Repeat the entries exactly as they are written.

--------------------------------------------------

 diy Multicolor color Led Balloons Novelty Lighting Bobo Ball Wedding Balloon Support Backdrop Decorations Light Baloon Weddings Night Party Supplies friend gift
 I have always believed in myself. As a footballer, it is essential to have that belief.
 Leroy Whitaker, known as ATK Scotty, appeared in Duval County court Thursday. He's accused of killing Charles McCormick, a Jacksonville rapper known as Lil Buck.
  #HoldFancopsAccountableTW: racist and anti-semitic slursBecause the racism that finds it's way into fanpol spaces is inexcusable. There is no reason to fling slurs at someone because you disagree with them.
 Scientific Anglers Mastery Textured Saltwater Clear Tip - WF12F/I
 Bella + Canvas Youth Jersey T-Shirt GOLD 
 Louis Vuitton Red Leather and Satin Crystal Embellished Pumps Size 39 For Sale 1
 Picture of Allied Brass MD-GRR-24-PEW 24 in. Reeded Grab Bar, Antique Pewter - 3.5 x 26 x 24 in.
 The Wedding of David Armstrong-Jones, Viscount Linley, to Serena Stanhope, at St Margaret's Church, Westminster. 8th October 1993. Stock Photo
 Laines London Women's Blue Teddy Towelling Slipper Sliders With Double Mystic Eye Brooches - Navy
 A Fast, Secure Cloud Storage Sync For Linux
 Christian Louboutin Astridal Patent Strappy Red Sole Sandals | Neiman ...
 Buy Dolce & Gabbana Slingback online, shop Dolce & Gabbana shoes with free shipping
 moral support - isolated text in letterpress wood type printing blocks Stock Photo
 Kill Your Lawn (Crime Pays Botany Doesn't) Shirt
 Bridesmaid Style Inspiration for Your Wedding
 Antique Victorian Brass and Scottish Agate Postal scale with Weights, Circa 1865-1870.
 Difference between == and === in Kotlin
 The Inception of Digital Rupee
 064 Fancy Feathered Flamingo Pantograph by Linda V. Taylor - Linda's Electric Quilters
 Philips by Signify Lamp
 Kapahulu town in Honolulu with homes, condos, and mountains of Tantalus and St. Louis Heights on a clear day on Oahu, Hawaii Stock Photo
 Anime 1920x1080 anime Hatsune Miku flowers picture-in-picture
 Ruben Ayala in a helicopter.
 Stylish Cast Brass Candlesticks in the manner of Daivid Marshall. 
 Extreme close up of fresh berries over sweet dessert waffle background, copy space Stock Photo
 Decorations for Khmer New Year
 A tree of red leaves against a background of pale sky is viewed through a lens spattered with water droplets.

--------------------------------------------------

_Solution to this task_
 diy Multicolor color Led Balloons Novelty Lighting Bobo Ball Wedding Balloon Support Backdrop Decorations Light Baloon Weddings Night Party Supplies friend gift
 I have always believed in myself. As a footballer, it is essential to have that belief.
 Leroy Whitaker, known as ATK Scotty, appeared in Duval County court Thursday. He's accused of killing Charles McCormick, a Jacksonville rapper known as Lil Buck.
  #HoldFancopsAccountableTW: racist and anti-semitic slursBecause the racism that finds it's way into fanpol spaces is inexcusable. There is no reason to fling slurs at someone because you disagree with them.
 Scientific Anglers Mastery Textured Saltwater Clear Tip - WF12F/I
 Bella + Canvas Youth Jersey T-Shirt GOLD 
 Louis Vuitton Red Leather and Satin Crystal Embellished Pumps Size 39 For Sale 1
 Picture of Allied Brass MD-GRR-24-PEW 24 in. Reeded Grab Bar, Antique Pewter - 3.5 x 26 x 24 in.
 The Wedding of David Armstrong-Jones, Viscount Linley, to Serena Stanhope, at St Margaret's Church, Westminster. 8th October 1993. Stock Photo
 Laines London Women's Blue Teddy Towelling Slipper Sliders With Double Mystic Eye Brooches - Navy
 A Fast, Secure Cloud Storage Sync For Linux
 Christian Louboutin Astridal Patent Strappy Red Sole Sandals | Neiman ...
 Buy Dolce & Gabbana Slingback online, shop Dolce & Gabbana shoes with free shipping
 moral support - isolated text in letterpress wood type printing blocks Stock Photo
 Kill Your Lawn (Crime Pays Botany Doesn't) Shirt
 Bridesmaid Style Inspiration for Your Wedding
 Antique Victorian Brass and Scottish Agate Postal scale with Weights, Circa 1865-1870.
 Difference between == and === in Kotlin
 The Inception of Digital Rupee
 064 Fancy Feathered Flamingo Pantograph by Linda V. Taylor - Linda's Electric Quilters
 Philips by Signify Lamp
 Kapahulu town in Honolulu with homes, condos, and mountains of Tantalus and St. Louis Heights on a clear day on Oahu, Hawaii Stock Photo
 Anime 1920x1080 anime Hatsune Miku flowers picture-in-picture
 Ruben Ayala in a helicopter.
 Stylish Cast Brass Candlesticks in the manner of Daivid Marshall. 
 Extreme close up of fresh berries over sweet dessert waffle background, copy space Stock Photo
 Decorations for Khmer New Year
 A tree of red leaves against a background of pale sky is viewed through a lens spattered with water droplets.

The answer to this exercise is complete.